Of these four different instances of generational rupture, it’s the children of the Amulonites who strike me as particularly poignant and particularly interesting. It’s not hard to imagine the excruciating psychological pressure of confronting the fact that their parents did something horrifyingly cruel and wrong--not only victimizing their own families but other people as well. It’s likely they experienced shattered trust, rage, self-blame, isolation, and a devastating loss of identity. So, it’s not hard to sympathize with their desire to sever their filial relationship and choose new spiritual affiliations and models.
Still, it’s rarely the case that any individual or group is entirely bad. In fact, the Amulonites, for all the ways they betrayed trust, also did something that, certainly unintentionally, turned out to be very good: after their defection, they taught the Lamanites how to speak and write the Nephite language and how to keep records. This new technology caused the Lamanites “to increase in riches, and … to trade one with another and wax great” (Mosiah 24:6)--and undoubtedly prepared them to understand and receive the sons of Mosiah when they arrived with the good news of the gospel.
In the end, I wonder if it would have been psychologically healthier for the children of the Amulonites to have acknowledged and disclaimed their fathers’ grave wrongdoing but also to have recognized that their fathers did some good. Would it have been more healing to transform rather than repudiate the legacy of their fathers? Later, in the story of the Anti-Nephi-Lehies, we see what it looks like when a generation of Lamanites breaks from the traditions of their fathers, without repudiating their heritage but instead vowing to transform it. Is it possible that the children of the Amulonites might have changed their fathers’ hearts through faithful witness like Lamoni did his father’s (see Alma 20)? We don’t know, and I would never condemn the children of the Amulonites.

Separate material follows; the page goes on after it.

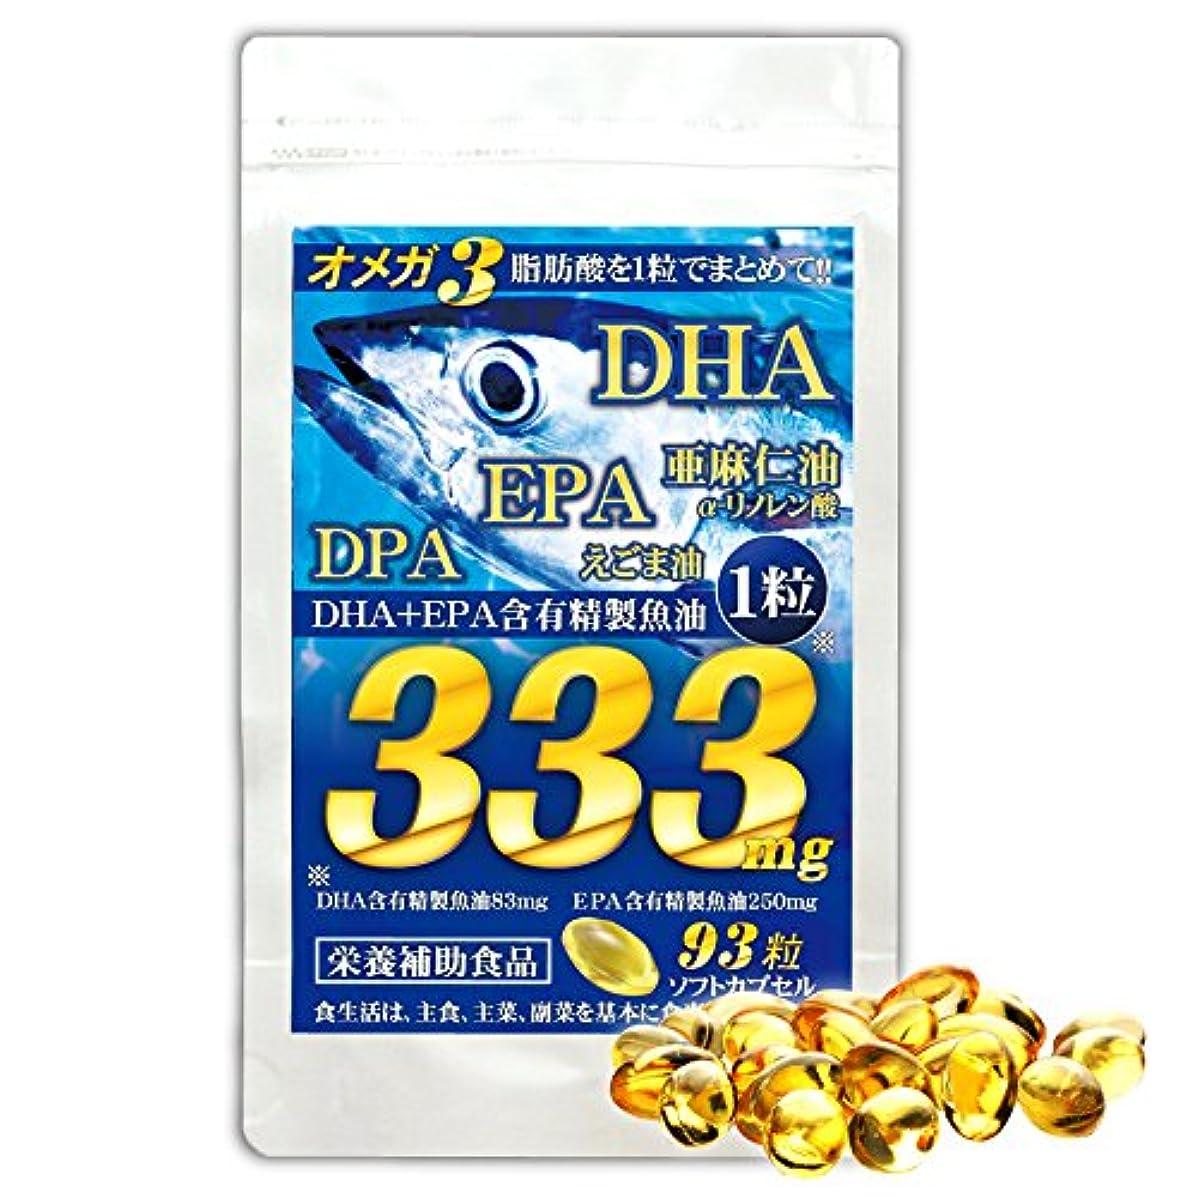 バンカー服最悪(大容量:約3ヵ月分/93粒)超高配合!青魚 de DHA + EPA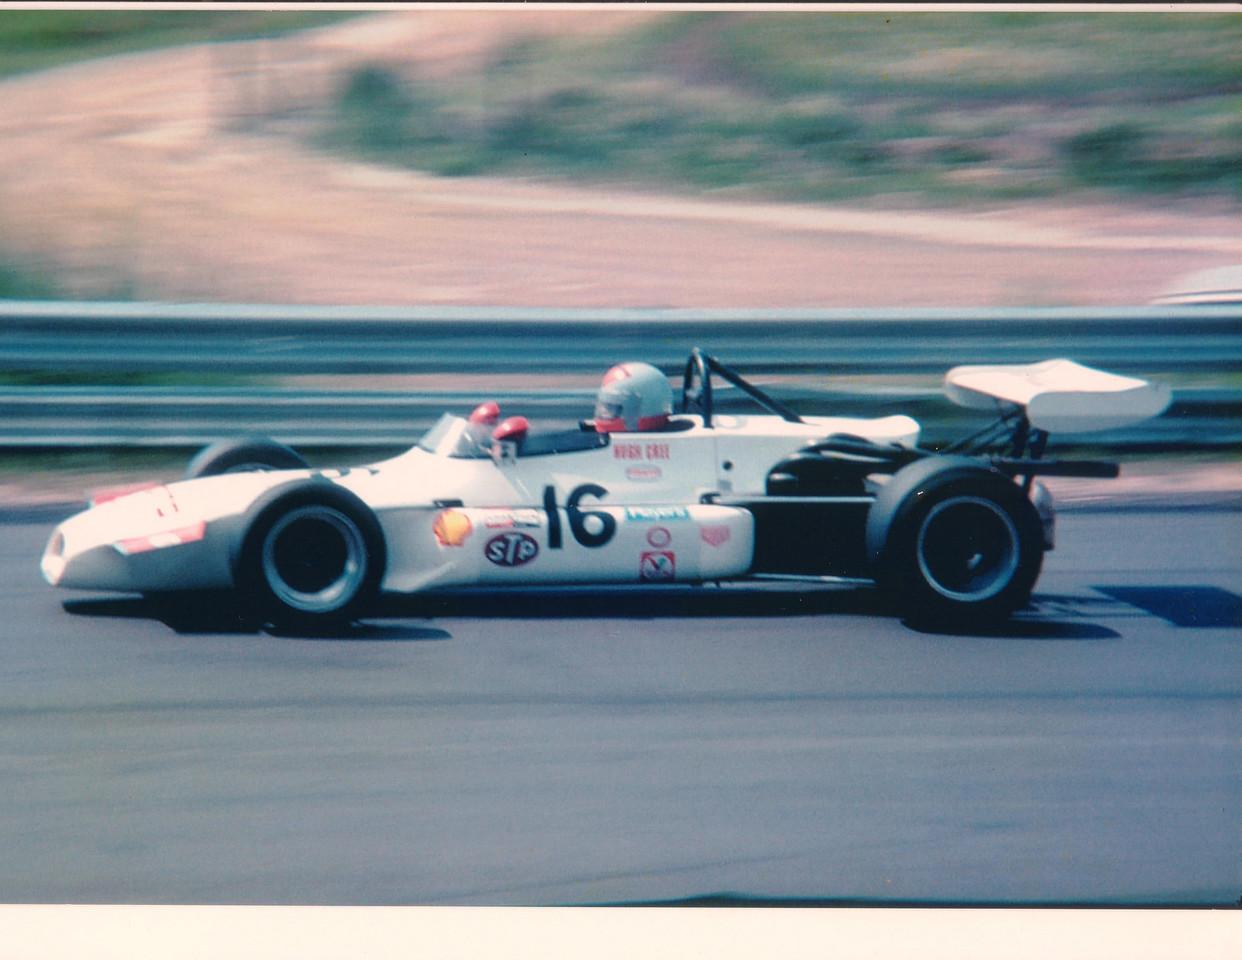 1974 BT35-19 at Mosport, after corner 3.

But the Book of Mormon does offer us a kind of counterfactual scenario that should make us think.
The difficulty of passing on religious commitments and values to the next generation is a perpetual preoccupation of the Book of Mormon. In fact, it can be argued that the writers of the small plates saw the primary purpose of their project as repairing the original failure at the heart of Lehi’s dream when Lehi is unable to persuade Laman and Lemuel to approach the shining tree. These are evergreen heartaches in human society. The Book of Mormon speaks powerfully then and now.